Jets rookie Sanchez, Colts veteran Manning look to make history

While his little brother engineered a draft-day trade to New York, Peyton Manning always has been viewed as wanting nothing to do with the Big Apple.

Faced with the likelihood of being the No. 1 pick by the Jets in the 1997 draft, Manning instead returned to Tennessee for his senior season. The Colts took Manning with the top pick the next year, and history still is being made as he will start his 208th consecutive game, counting postseason, in the AFC championship game against the Jets on Sunday at Lucas Oil Stadium.

The Jets traded down from No. 1 in ‘97, picking linebacker James Farrior at No. 8, and have searched and searched for a quarterback. Weak-armed Chad Pennington carried them to the playoffs. Ageless Vinny Testaverde had his moments. But until landing Mark Sanchez in April, when they traded up for the No. 5 pick, the Jets were a desperate bunch.

Before “The Sanchise,” they tried about everything, including Brett Favre last season. Here are the other quarterbacks to start for Gang Green during Manning’s remarkable run: Brooks Bollinger, Quincy Carter, Kellen Clemens, Glenn Foley, Ray Lucas and Rick Mirer. None evoked images of Joe Willie Namath.

See what you did, Peyton?

“Let me be clear: The reason I decided to stay had nothing to do with who had the first pick,” he said. “My reasons for staying were based purely on the fact that I wanted to be a senior in college. I kind of rushed through my first three years. I wanted to have that one year to slow things down and really enjoy the college experience.

“There is no telling how it would have turned out. Bill Parcells was there. He and I had visited a couple of times through the years, and there is no guarantee they would have taken me.”

Sanchez, a sensation in New York since the draft, now encounters Manning in a David-vs.-Goliath meeting of quarterbacks. Sanchez has been charged with not losing it for a team that has a top-ranked running game and defense and lives by the motto “ground and pound.”

Manning, fresh off his fourth MVP award, is rewriting record books. Sanchez is seeking his place in history too as the first rookie to win a Super Bowl. Manning is trying to win his second in four years.

You couldn’t find two quarterbacks any more different. Sanchez appears polished enough that he likely understands such opportunities can be fleeting. But he’s not consumed by the moment, saying it feels like the Jets are preparing to head to Houston, where they opened the season.

Only the Bears’ Jay Cutler threw more interceptions (26) this season than Sanchez (20). But he has been picked off only once in the last four games, and 10 of those 20 interceptions came in the first six games.

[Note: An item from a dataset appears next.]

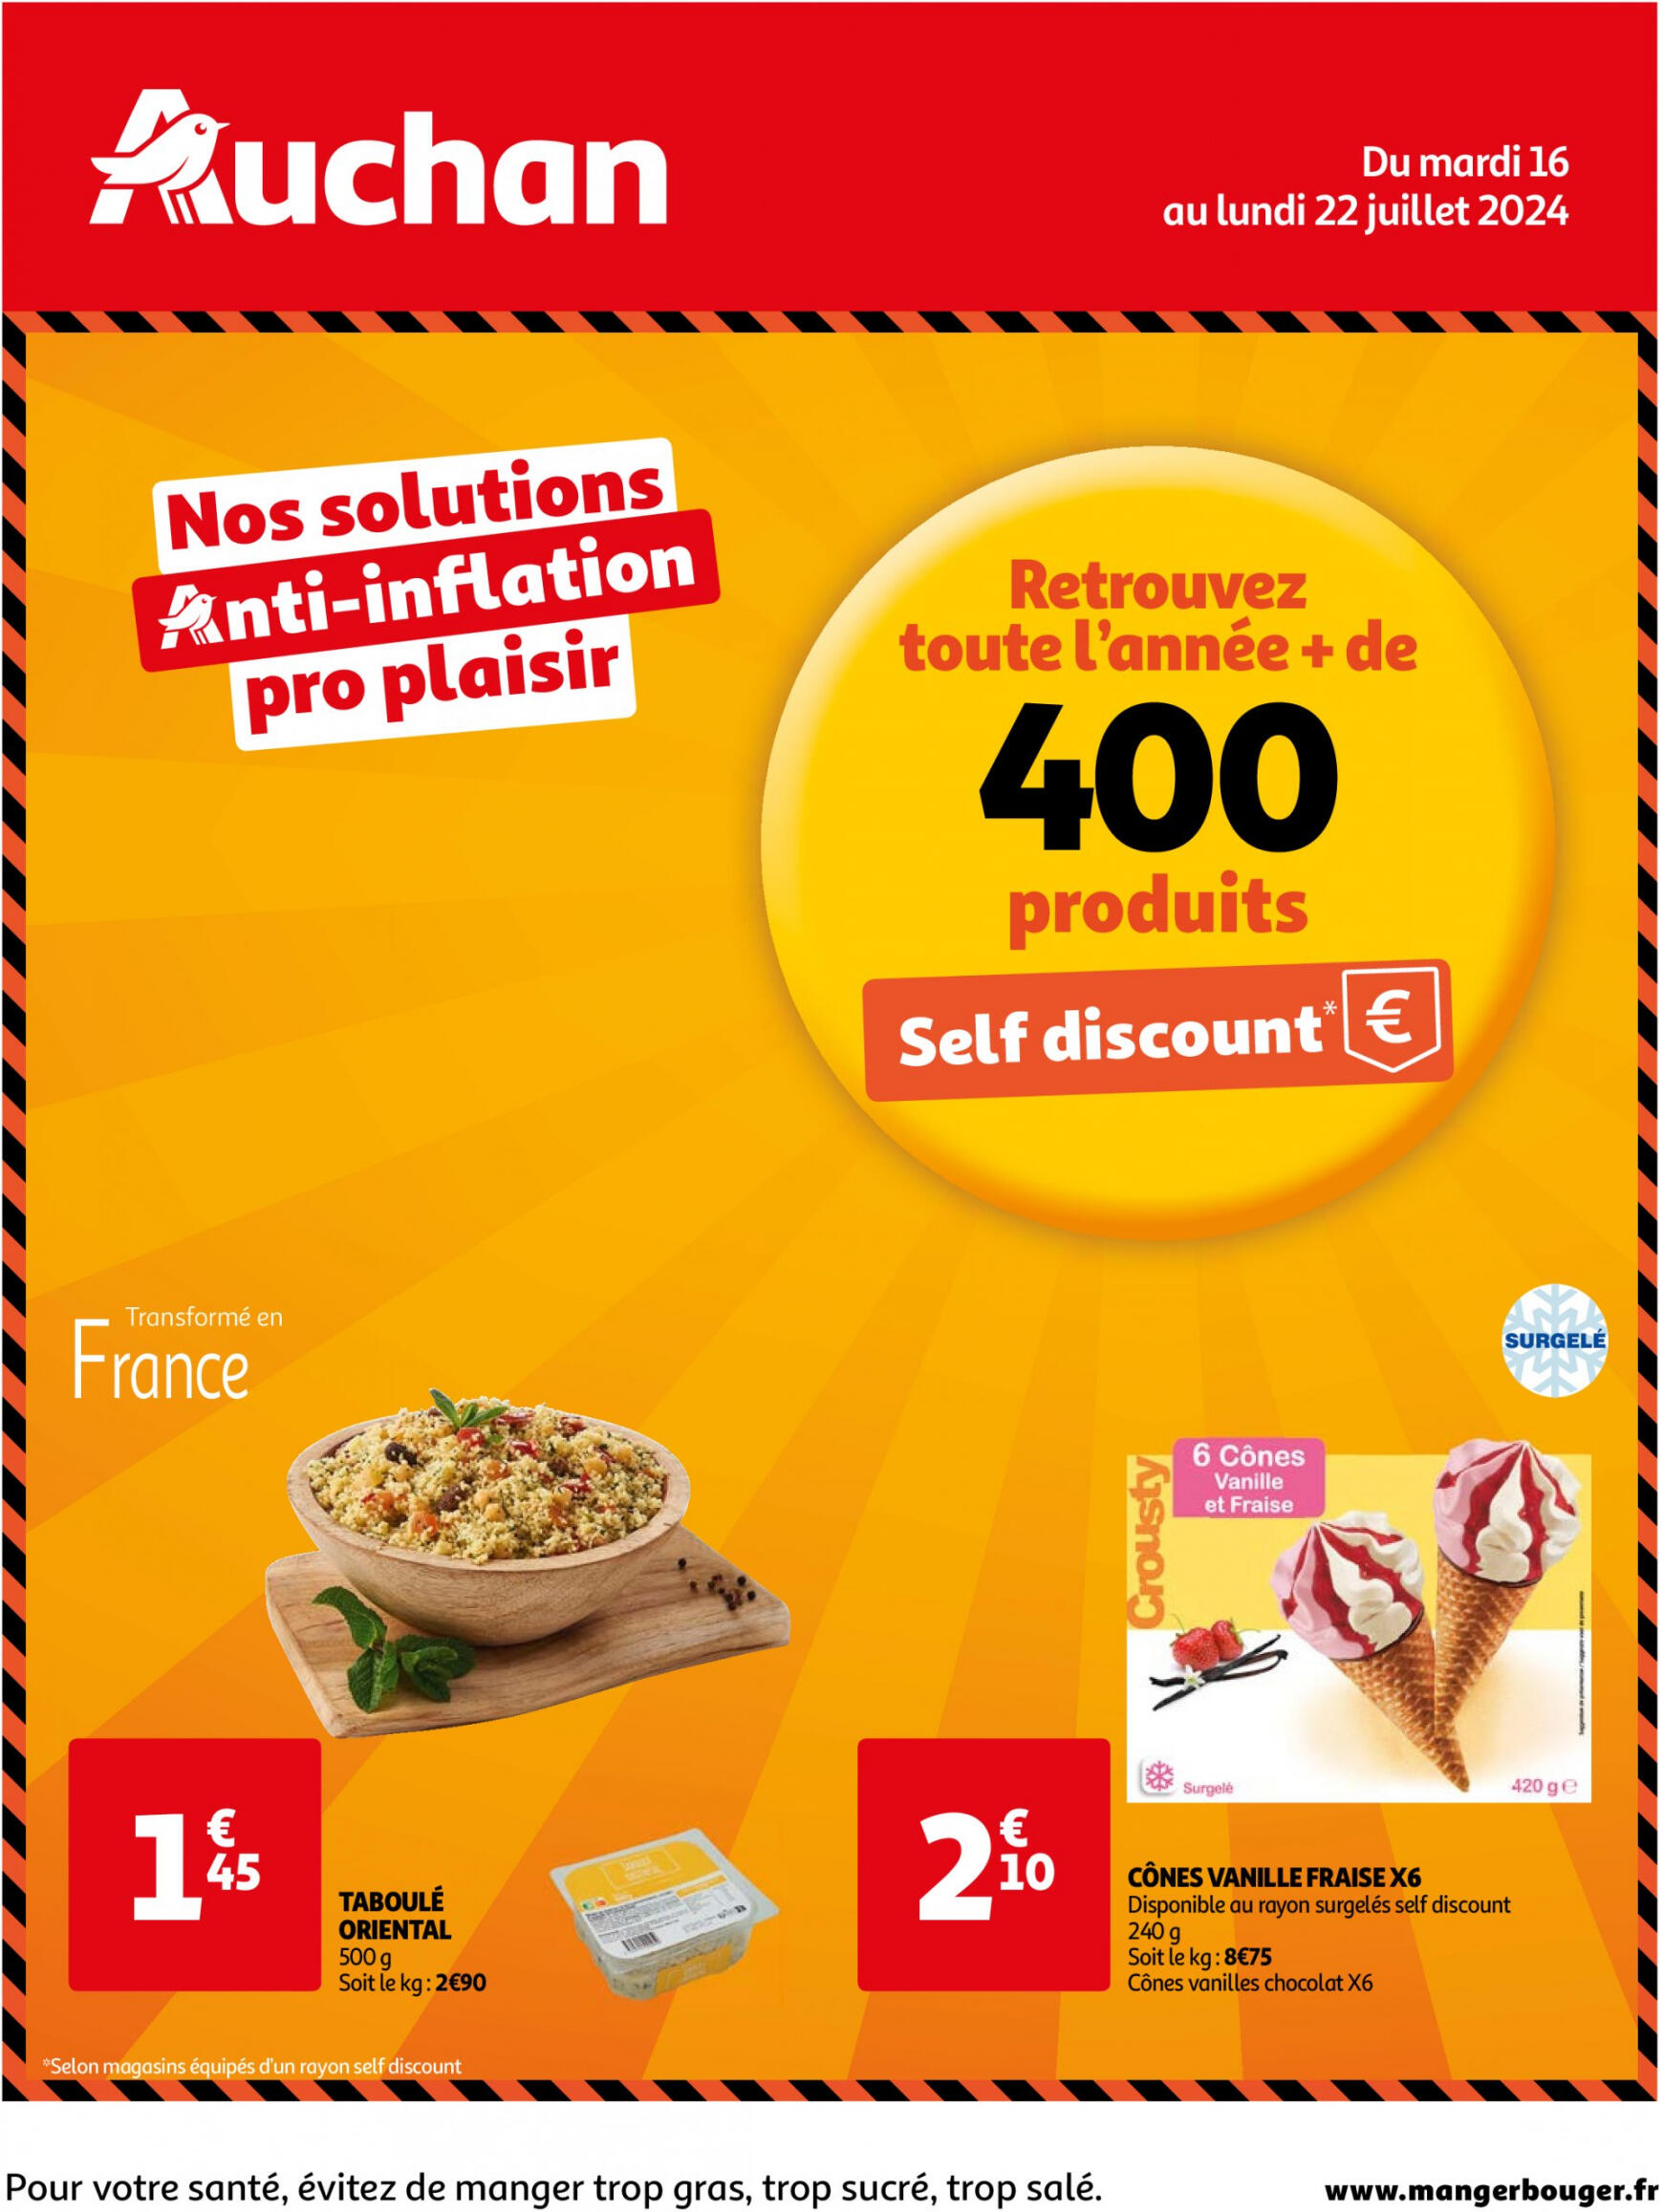 auchan - Prospectus Auchan - Nos solutions anti-inflation pro plaisir actuel 16.07. - 22.07.

Sanchez recently ditched color-coded wrist bands he wore as on-field cheat sheets, now relying on running back Thomas Jones or fullback Tony Richardson if he has a question. The Sports Illustrated cover boy this week has made plays for the Jets in the postseason. He completed only 12 of 23 passes for 100 yards last week in an upset at San Diego, but it was his scrambling effort that led to a 2-yard pass to Dustin Keller for the go-ahead touchdown in the fourth quarter. He missed on only three passes the week before at Cincinnati in a coming-of-age outing.

“He’s a rookie,” said guard Alan Faneca, who won a Super Bowl in Pittsburgh when Ben Roethlisberger was in his second season. “You start seeing things more and more, things become easier, the game slows down a little bit. You’re able to play in your element instead of trying to play within the element of the playbook.”

Unless Rex Ryan’s aggressive defense can throttle the Colts machine, Sanchez will have to make some plays to take the next step in a storybook season. Some have drawn parallels to what Trent Dilfer did as a caretaker for the Ravens in 2000, with the difference being the Jets believe Sanchez will be a franchise quarterback.

Until then, he’s just a young guy with a wide smile, showing up for his news conference Friday wearing a black T-shirt with “Wonderboy” across the front and a silver lightning bolt.

“Yep, Roy Hobbs,” he said.

Hobbs, of course, starred for the New York Knights and Wonderboy was the name of his bat in the novel “The Natural” and the 1984 film.

“I’ve had it for a while,” Sanchez said. “I’m wearing everything that could bring a little something good.”